=== Section Start ===

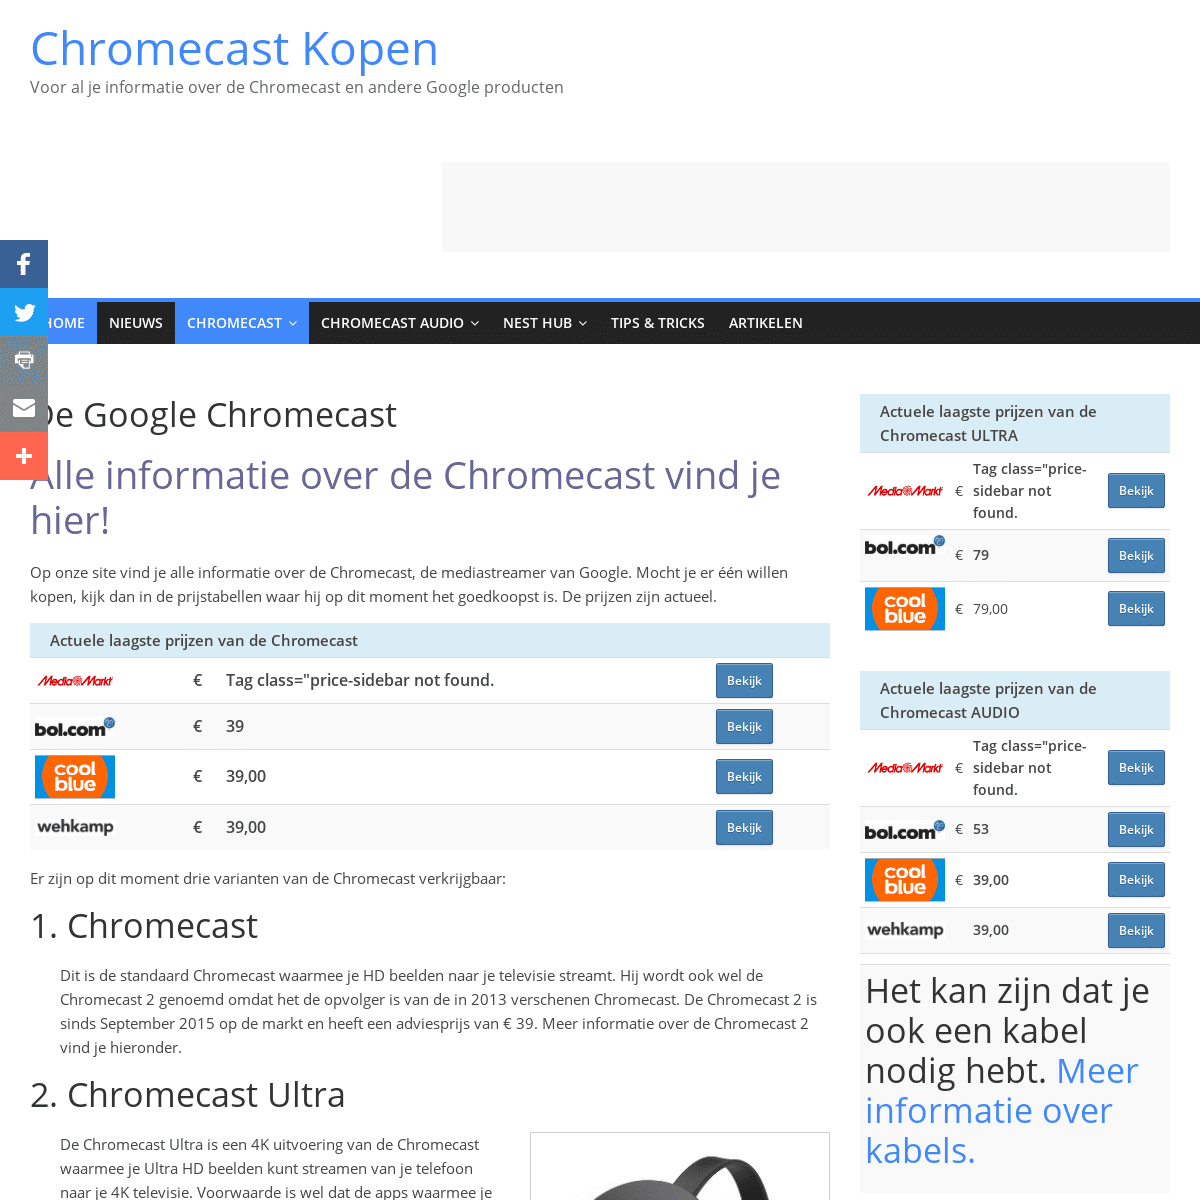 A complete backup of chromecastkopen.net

=== Section End ===
=== Section Start ===

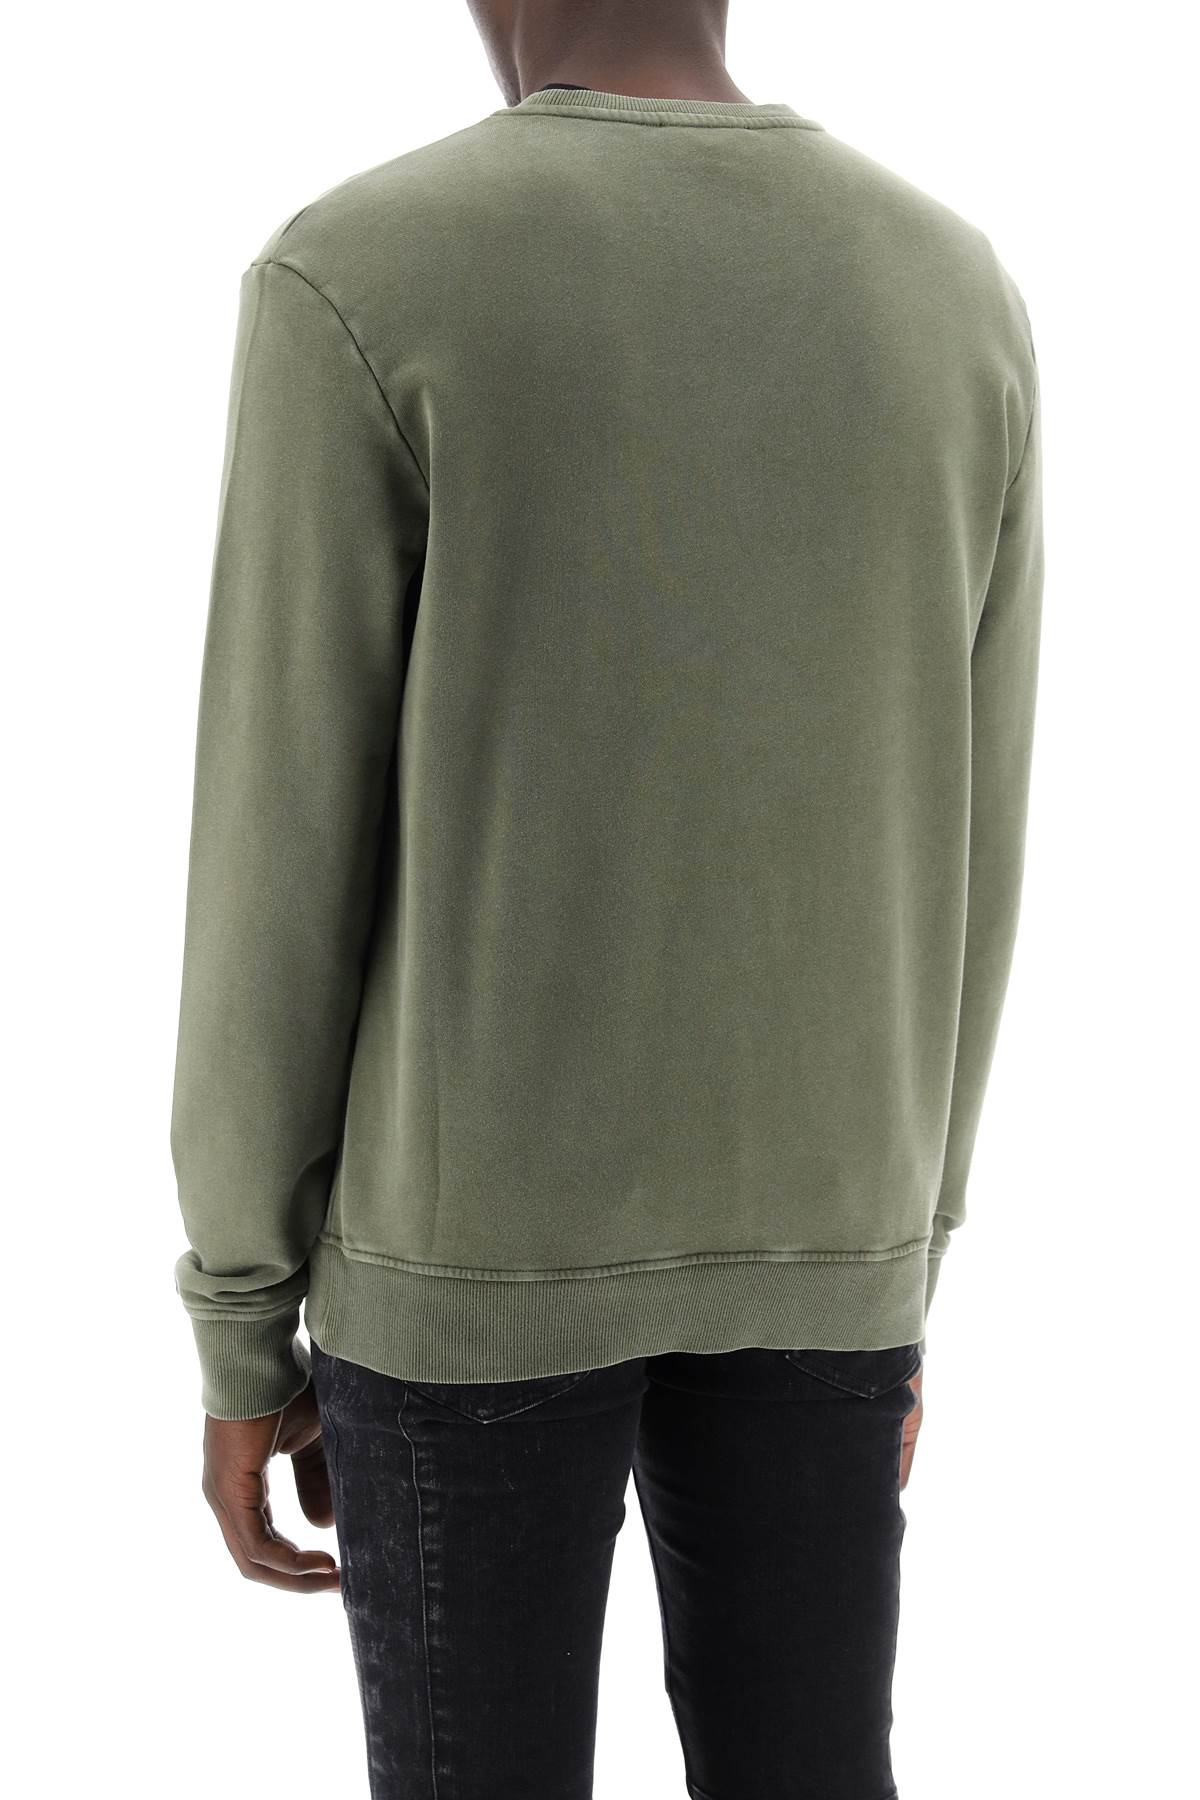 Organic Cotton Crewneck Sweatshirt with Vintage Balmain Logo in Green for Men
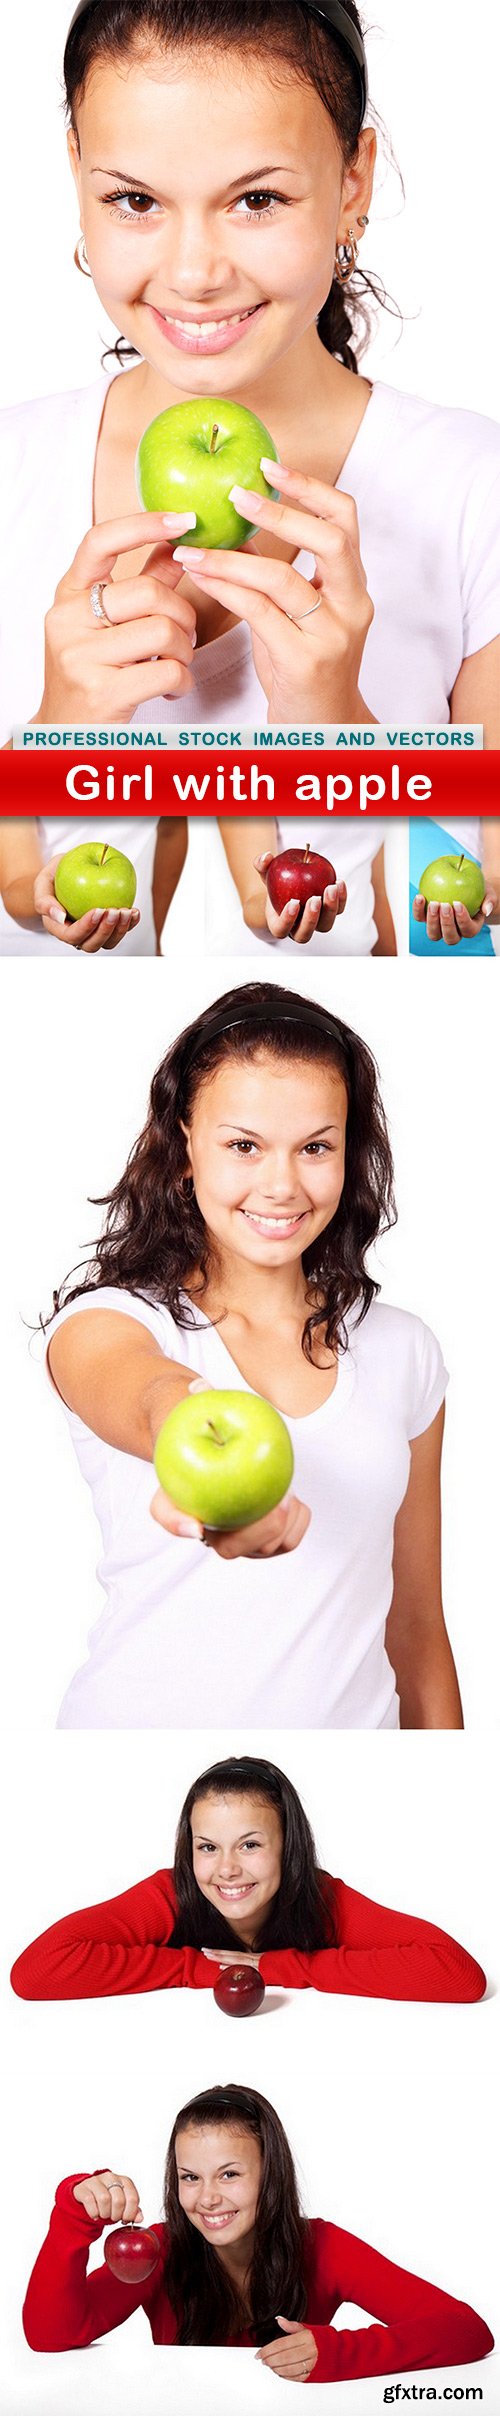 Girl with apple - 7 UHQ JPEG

=== Section End ===

Activity: Exact copy, no pictures. Write out the lines in the entries above, starting with the line with "Organic Cotton Crewneck" and going on through the line with "Girl with apple - 7 UHQ JPEG", keeping both.

Solution to this problem:
 Organic Cotton Crewneck Sweatshirt with Vintage Balmain Logo in Green for Men
 Girl with apple - 7 UHQ JPEG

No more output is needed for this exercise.